My husband and I have made a project out of slowly reading through the Four Quartets by T.S. Eliot. One of his more famous pieces of work. Four poems that go together and are sort of a response to The Wasteland that he wrote earlier in life, before he became a Christian.
I would
like to share a snippet of the second poem in the set, East Cocker, that we read today. Considering that this is an art blog, I am not necessarily trying to speak about it religiously, although this poem in particular, and this section of the poem, in particular, is very rich in it's parallels and imagery to Christianity. This section of the poem resonated with me the most because it put into words how I feel about the work I do as an artist - and in particular the work I do an a children's book illustrator.
And so each venture
Is a new beginning, a raid on the inarticulate
With shabby equipment always deteriorating
In the general mess of imprecision of feeling,
Undisciplined squads of emotion. And what there is to conquer
By strength and submission, has already been discovered
Once or twice, or several times, by men whom one cannot hope
To emulate — but there is no competition —
There is only the fight to recover what has been lost
And found and lost again and again: and now, under conditions
That seem unpropitious. But perhaps neither gain nor loss.
For us, there is only the trying. The rest is not our business.

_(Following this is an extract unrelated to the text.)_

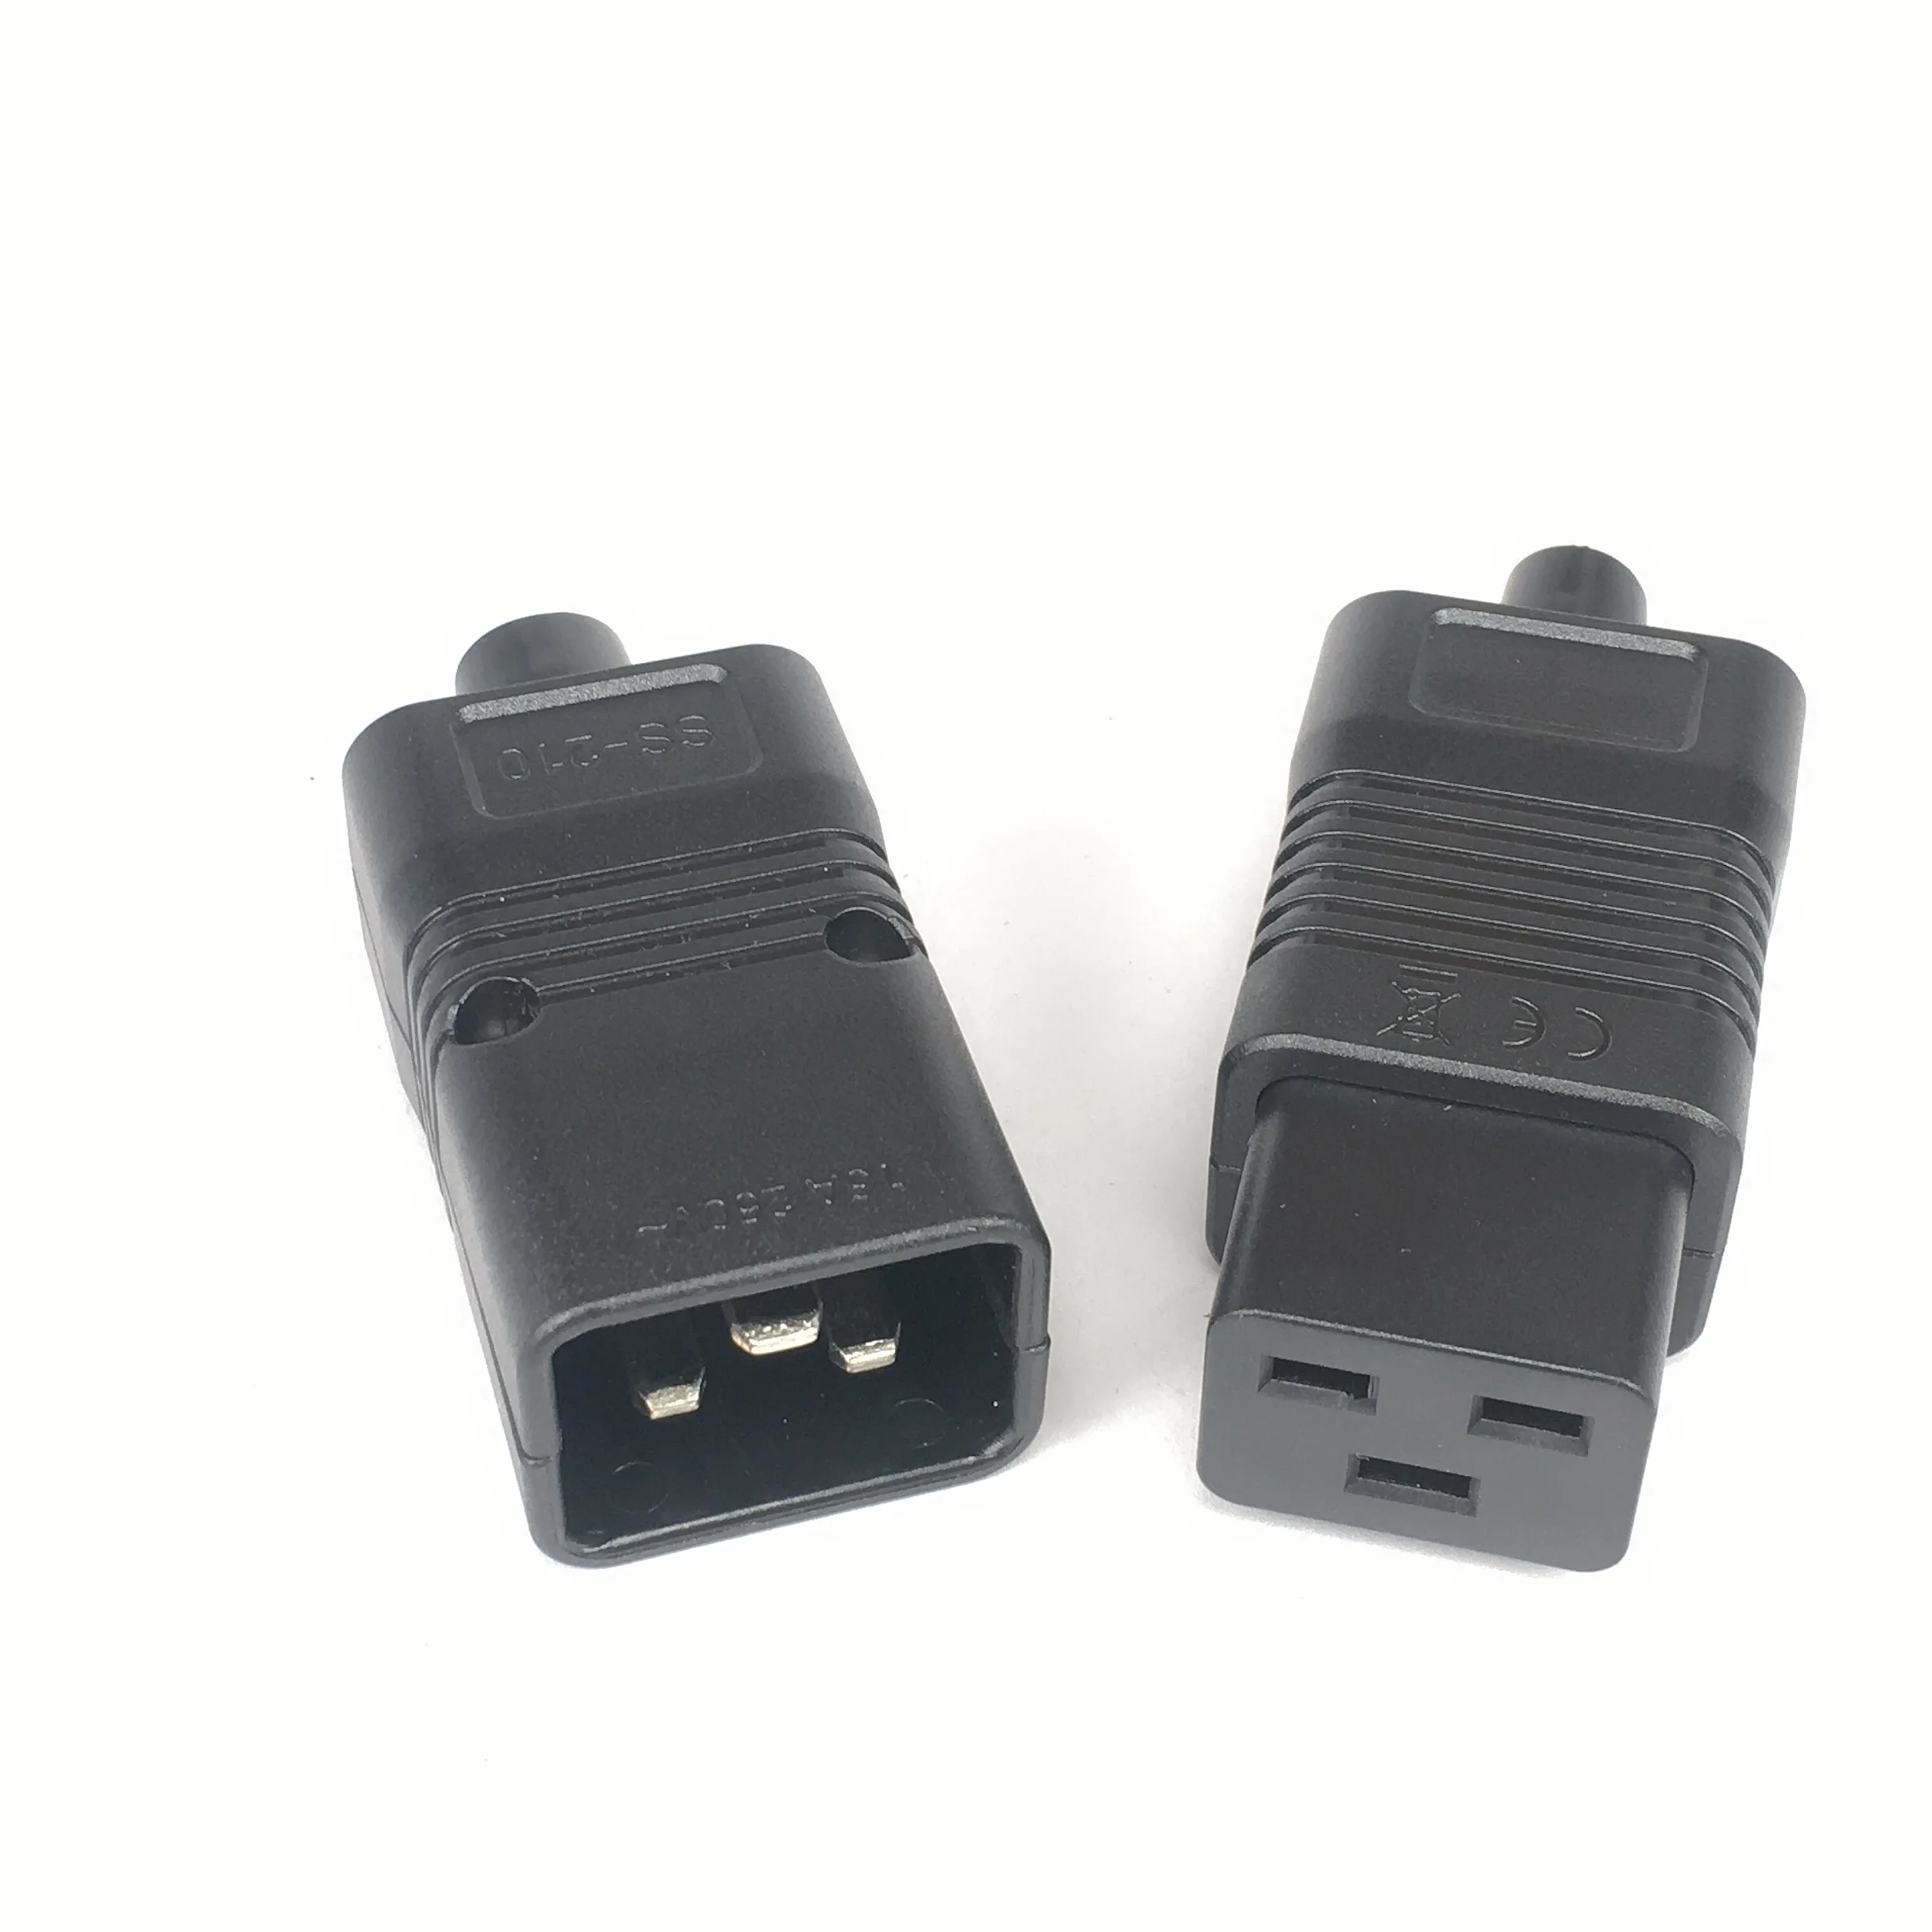 PDU/UPS Socket Standard IEC320 C19 C20 16A 250V AC Electrical Power Cable Cord Connector Removable plug Female Male Plug Adapter

In my work, there are usually very clear "new beginnings" - a new sketch, a new illustration, a new book project. And I usually treat them as new beginnings, a fresh start, a chance to do better, to apply what I learn from the last project, and I usually start off this new venture with high hopes and lots of energy and excitement...a "raid" if you will. But as much as I have learned, as prepared as I feel, as much as I know about creating art, I quickly discover that I really don't know what I am doing and it feels like I am using "shabby equipment". Am I communicating the idea I want to communicate? Will kids understand what I'm trying to show or say? Does the composition, color, mood, texture of the image help communicate what I want to communicate? I become so overwhelmed with all there is to consider and remember and do, that it becomes a jumbled mess and it's a wonder I come out the other side with a piece of art or a finished book.
As an illustrator of stories, I am also charged with the task of saying something important, and hopefully, something wise and something to learn from. But I am always told that every story has already been told. All we do is tell them in new or different ways. The lessons have already been taught, the wisdom has already been shared, the kids have already learned. So why continue to make new stories? Well, because kids grow up and they have their own kids who need to be taught. Because sometimes - oftentimes - all the time - we forget what we've learned and we have to be reminded again and again. This is why I will continue to create stories and create art that tells stories, because I need to remind people of what they've already learned, or else they WILL forget. And for me personally, some of the things I like to remind people of is their sense of wonder, of mystery, of discovery and awe. Those seem to be the things we forget first, especially as we grow older, and yet they might be the most important things to remember.
Finally, "for us, there is only the trying." Despite all the things I don't know about illustrating, despite all the things I don't know how to put into words, as often as I feel like I just don't know what I am doing, I just have to try. Otherwise, how will I get anywhere or do anything? I would rather spend my life
trying to create good art and share my wisdom in stories than sit back stubbornly and think "if I can't do it well, I wont do it at all." Because the more I try, the more chances I will do something well, and the more chances I will say something that resonates with a child and makes an impression on them. I'll take that chance any day.